Task 1: Derive stream network and associated catchments
1. Select Base DEM Grid: ned_nh
2. Fill DEM
- In Basic Grid Analysis in sequence from top to bottom, click "Fill Pits."
- Name output filled grid “ned_nhfil.”
- Check “Add layer(s) upon completion.”
3. D8 flow direction
- Input: filled DEM
- Output D8 flow direction grid: ned_nhfdr
4. D8 contributing area
- Input: D8 flow direction grid, ned_nhfdr
- Output D8 contributing area: ned_nhfac
5. Stream delineation 1
- Click “Stream Definition” and choose a “reasonable” drainage area. Look at the
extent of the “nhdflowline” stream network to help with this choice.
- Output defined stream network: nhStr_(drainage_area) (fill in your threshold drainage
area)
6. Stream segmentation: nh_Strlnk_(drainage_area)
7. Catchment Grid Delineation: nh_Str(drainage_area)_cat
8. Catchment polygon processing to form vector catchment polygons: nh_Catchment
9. Drainage Line Processing to form vector stream network: nh_DrainageLine
10. Make map with 1) vector stream (nh_DrainageLine) and 2) catchment boundary
(nh_Catchment) that you made in Task1, and 3) nhdflowline.

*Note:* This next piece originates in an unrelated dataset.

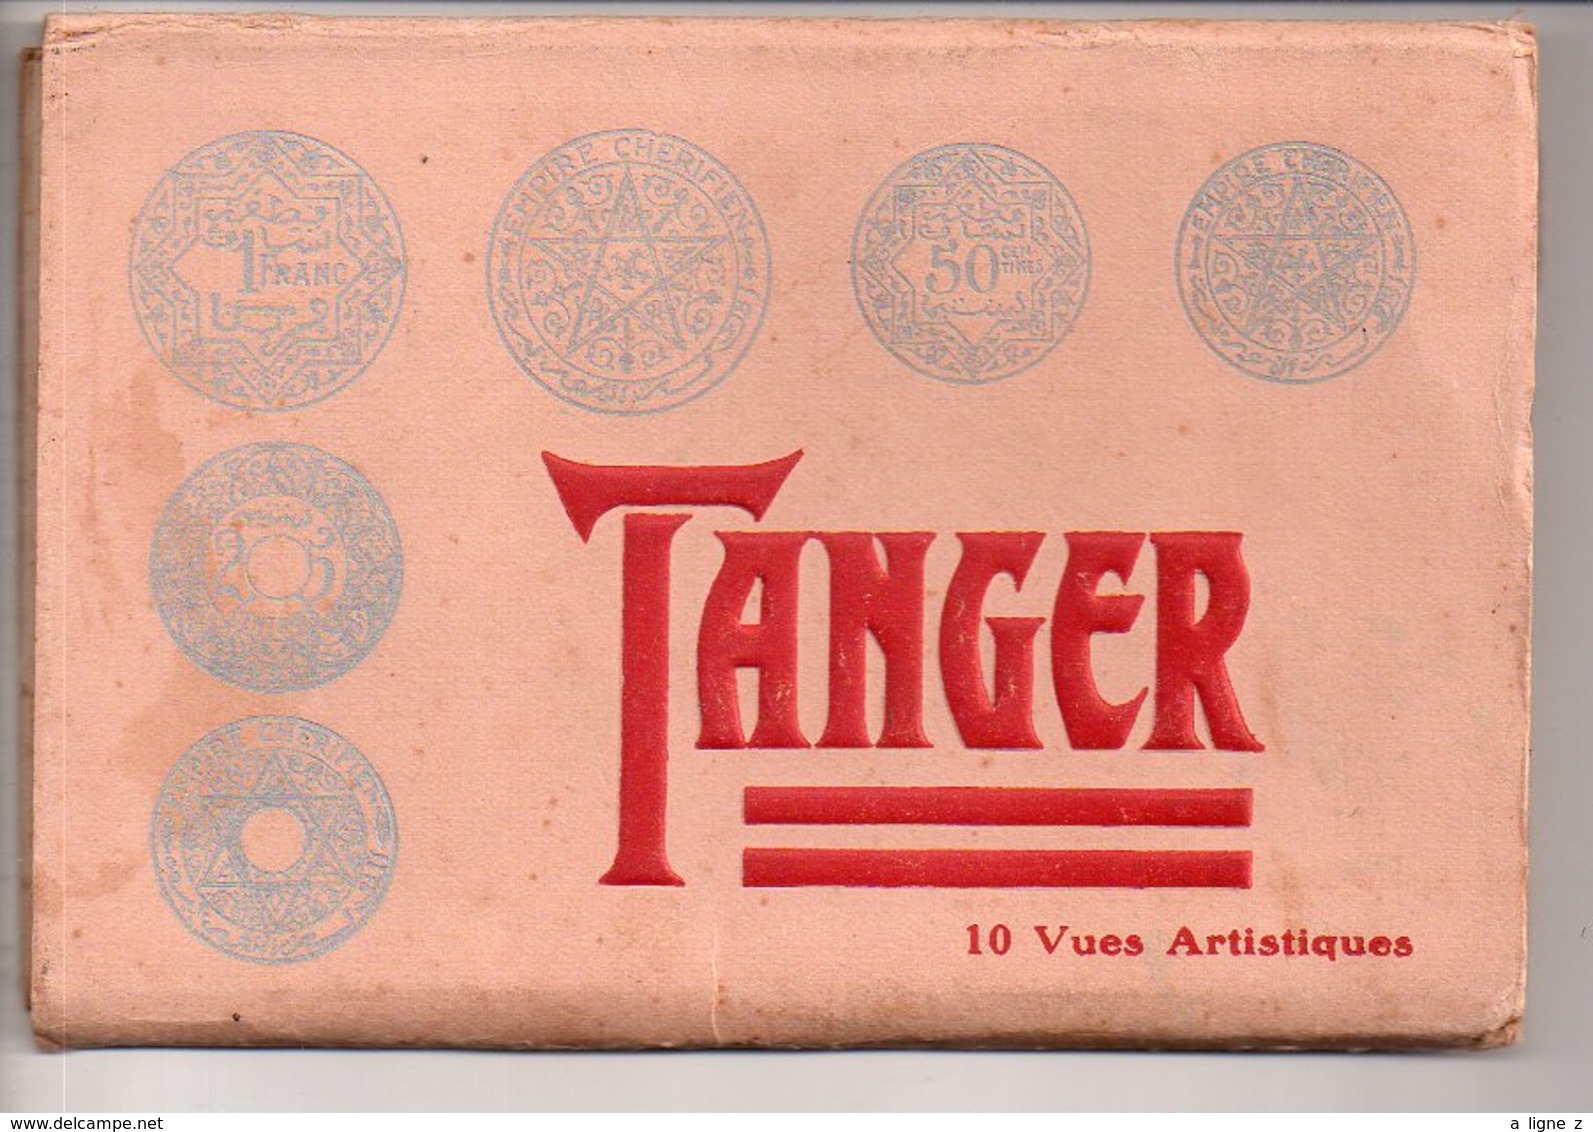 REF 371 : Carnet TANGER MAROC 10 Vues Artistiques ( La Pochette Est Illustrée Avec Monnaies Du Maroc) Empire Chérifien - Tanger

Q1. How many subcatchments were formed in your watershed partitioning? What was
the drainage area in hectares that you used to define the beginning of each channel?
305 subcatchments were formed. The drainage area was defined as 3500 cells, each cell is 20 ft
by 20 ft, so 3500 cells * 400 ft2/cell * (9.290304 × 10-6) hectares/ft2 = 13 hectares
Q2. Remember this is all a model. What key assumptions were made, and how would you
want to improve the watershed delineation to better match field conditions?

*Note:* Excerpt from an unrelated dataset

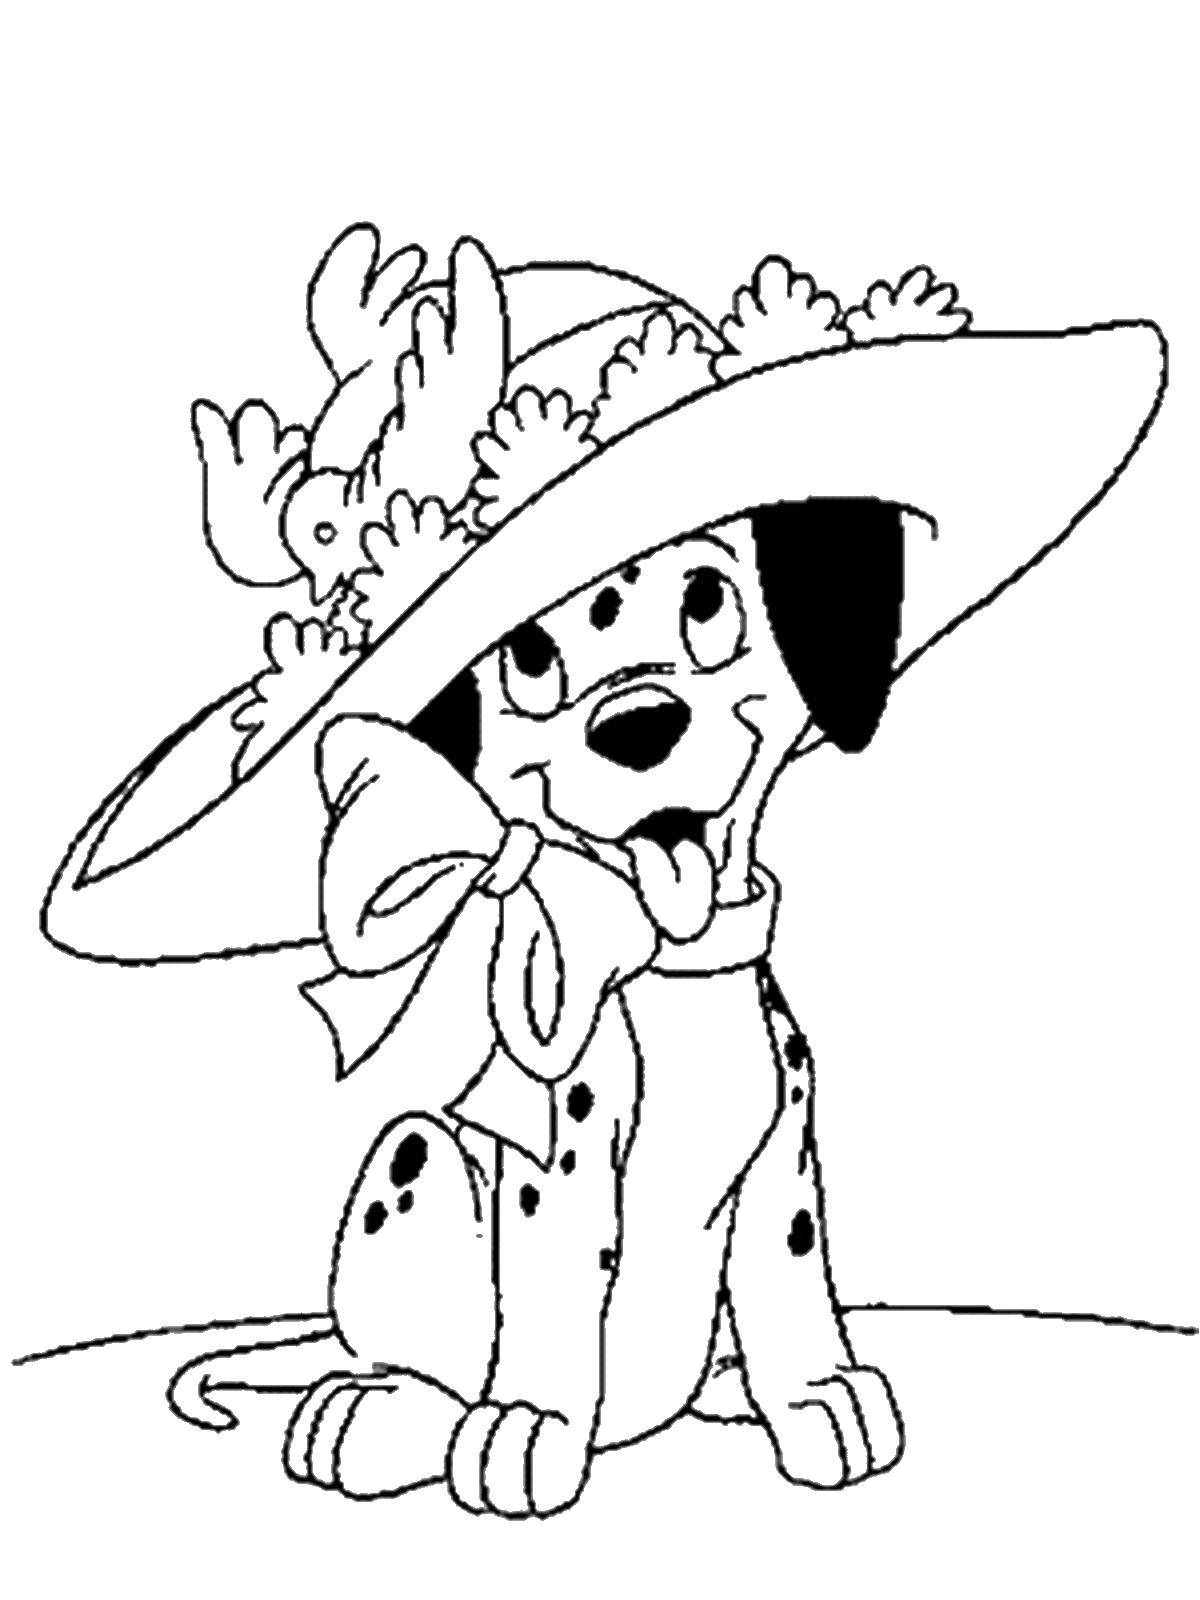 Название: Раскраска Далматинец в шляпке. Категория: 101 далматинец. Теги: 101 далматинец, Дисней, мультфильм.

Stream network made from DEM, which is just elevation. An important assumption is that
elevation can be used to map the stream network. The network is made purely from a DEM,
which uses the elevation values to map the stream. This is where problems like pits and sinks
occur, so they must be filled. The problem is that by filling these pits, we are really simplifying
the terrain. There could be storm water holding areas, which could account for the pits, or
various other things in the topology of the area that causes the streams to not have as much
connectivity as this model might suggest. We are also use D-8 flow direction mapping, which is
a problem because it only sees streams as lines instead of something that has width. It also only
allows one direction of flow, whereas a stream might have multiple flow directions. Another
issue is that it is very difficult to make the stream network derived from this data match the
actual flow lines from vector mapping. The data will always be a little off, but that is to be
expected with models.
To improve the model to better match field conditions, one could find out specifically which
sinks not to fill, and find a way to allow the streams to flow in more than one direction, such as
using D-infinity as opposed to D-8 flow direction. This would allow a more natural flow of the
stream to find more natural catchment boundaries.

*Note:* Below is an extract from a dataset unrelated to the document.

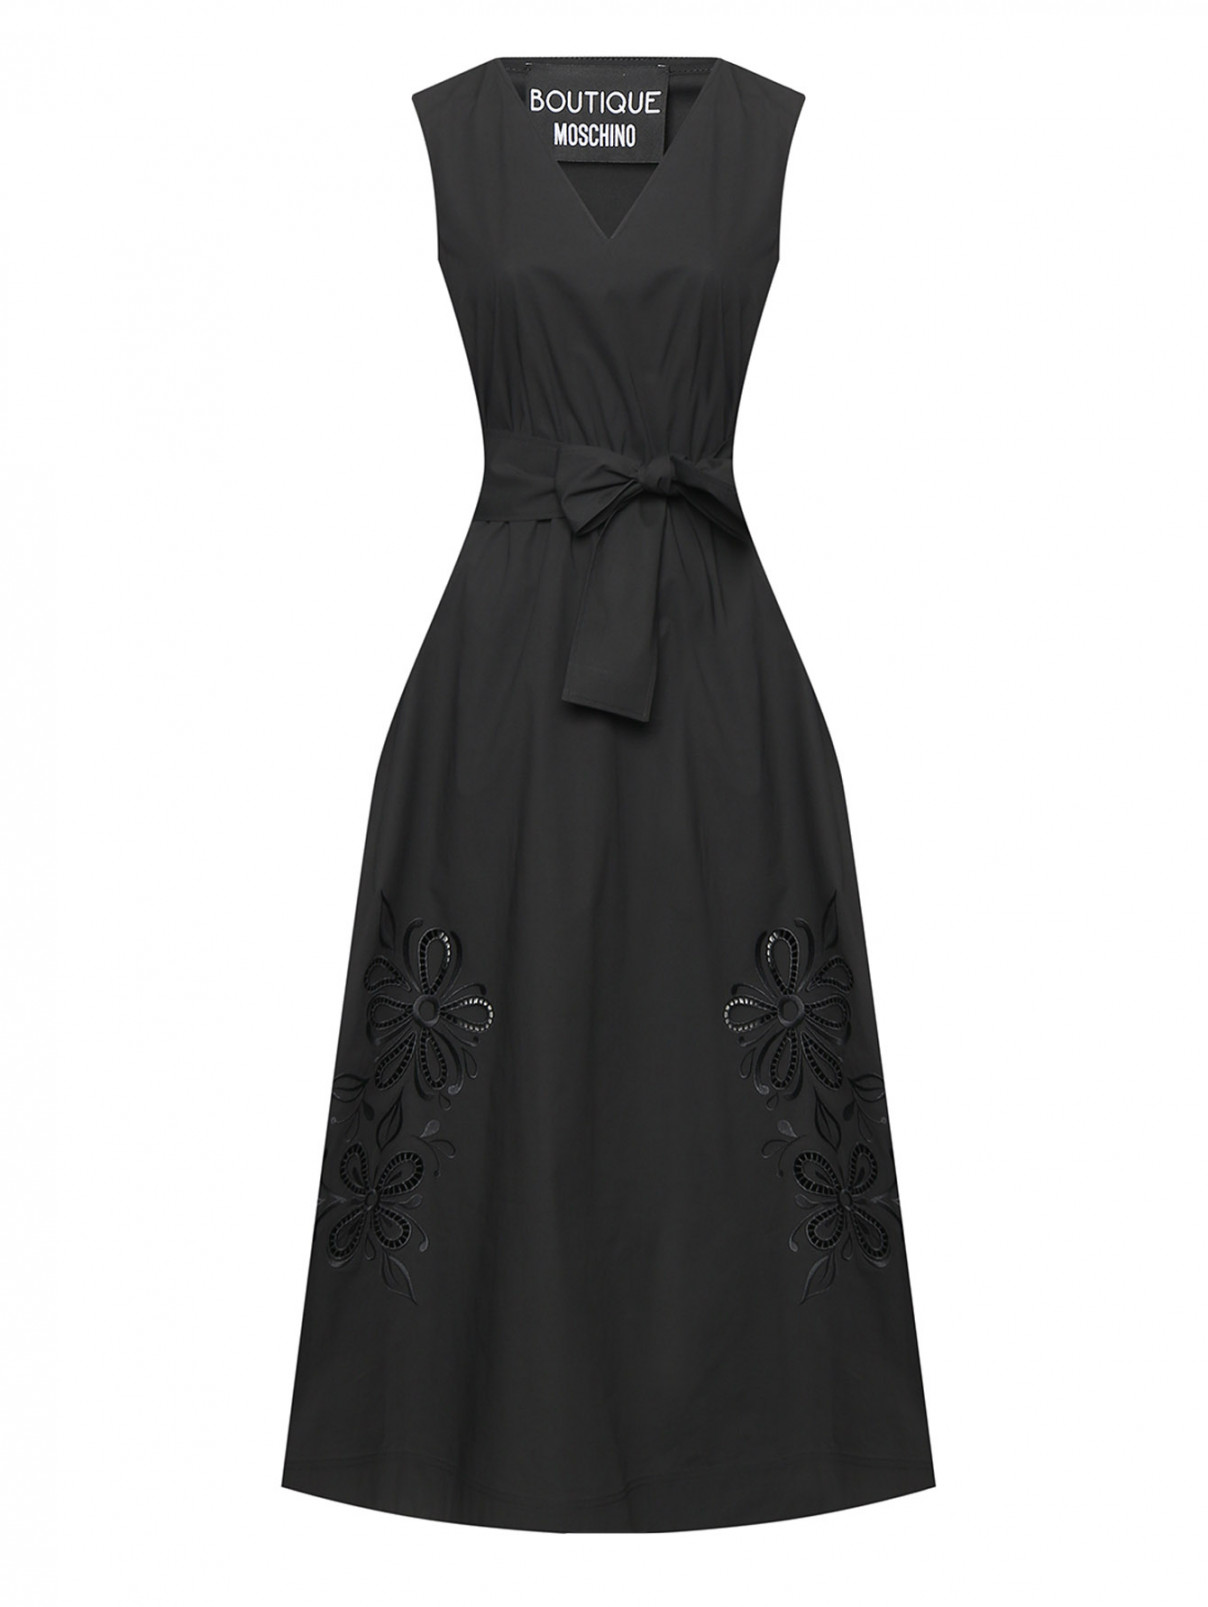 Платье из хлопка с вышивкой Moschino Boutique  –  Общий вид  – Цвет:  Черный

Task 2: Derive catchment level statistics of land cover
1. Zonal statistics (mean) for impervious cover for all catchments – map and table using
hydroid
2. Zonal statistics (majority) for land cover for all catchments – map and table using hydroid
3. Zonal statistics histogram for land cover for all catchments – table using hydroid
Q3. Make impervious cover and land cover zonal statistics maps with your catchment
boundary shape file. According to the zonal maps and tables, what is the range of %
impervious area for the catchments?
According to the tables and the mean percentage map, the highest percentage of impervious land
cover is 60.7195% and the lowest is 0%.